Omdat de ambulancezorg steeds professioneler is geworden, is het steeds minder vaak nodig een slachtoffer te verplaatsen. Dat kunnen we overlaten aan de professionals.
Rautekgreep
Vanaf de 22ste druk (1989) wordt er in Het Oranje Kruis boekje alleen nog maar gesproken over de Rautekgreep en ondersteunend verplaatsen. In de 23ste druk (1997) wordt nog wel één keer gesproken over het maken van een ‘stoeltje’ door elkaars polsen vast te houden. Wel zijn er in de jaren daarna nog losse uitgaven geweest, waaronder ‘De geoefende EHBO’er’ met vervolglesstof waarin de andere vervoersmethodes werden genoemd.
In principe verplaats je bij ernstig letsel iemand dus alleen in geval van gevaar. Gevaar kan ook de hete zon of een te koude plek zijn. Maar ook als iemand in de auto een hartstilstand heeft gehad en je deze uit de auto moet halen om te reanimeren. In die gevallen is de Rautekgreep erg handig.
Het was de Oostenrijkse Jiu-Jitsu leraar Franz Rautek die de Rautekgreep, oftewel de noodvervoersgreep, halverwege de vorige eeuw bedacht. In de 19e druk van het Oranje Kruis boekje (1969) zien we voor het eerst de Rautekgreep, al wordt hij zo nog niet genoemd. Dat gebeurt pas vanaf de 20ste druk (1976).

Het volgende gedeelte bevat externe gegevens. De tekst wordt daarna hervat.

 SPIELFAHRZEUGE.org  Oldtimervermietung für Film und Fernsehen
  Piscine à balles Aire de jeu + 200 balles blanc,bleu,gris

Deze greep is niet meer weg te denken uit de EHBO-cursussen. We gebruiken de Rautekgreep bij het verplaatsen van een slachtoffer dat niet lopen of hinkelen kan. Wanneer de Rautekgreep niet mogelijk is, mag je op een andere manier het slachtoffer weg te slepen.
Ondersteunend verplaatsen
Eén methode is redelijk constant gebleven tijdens het bestaan van Het Oranje Kruis, namelijk het zogenaamde ‘ondersteunend verplaatsen’. Vanaf de eerste richtlijn (1913) tot en met de vorige richtlijnen (2011) was dit praktisch hetzelfde. Bij de laatste richtlijnen (2016) is deze voor het eerst enigszins gewijzigd. In plaats van je arm om iemand heen te doen, laat je nu het slachtoffer zelf hinkelen. Je loopt mee aan de gewonde zijde van het slachtoffer en laat het slachtoffer op je schouder steunen. Hoe je iemand verplaatst, leer je uiteindelijk het beste in de praktijk. Volg een EHBO-cursus, want een goede voorbereiding is het halve werk.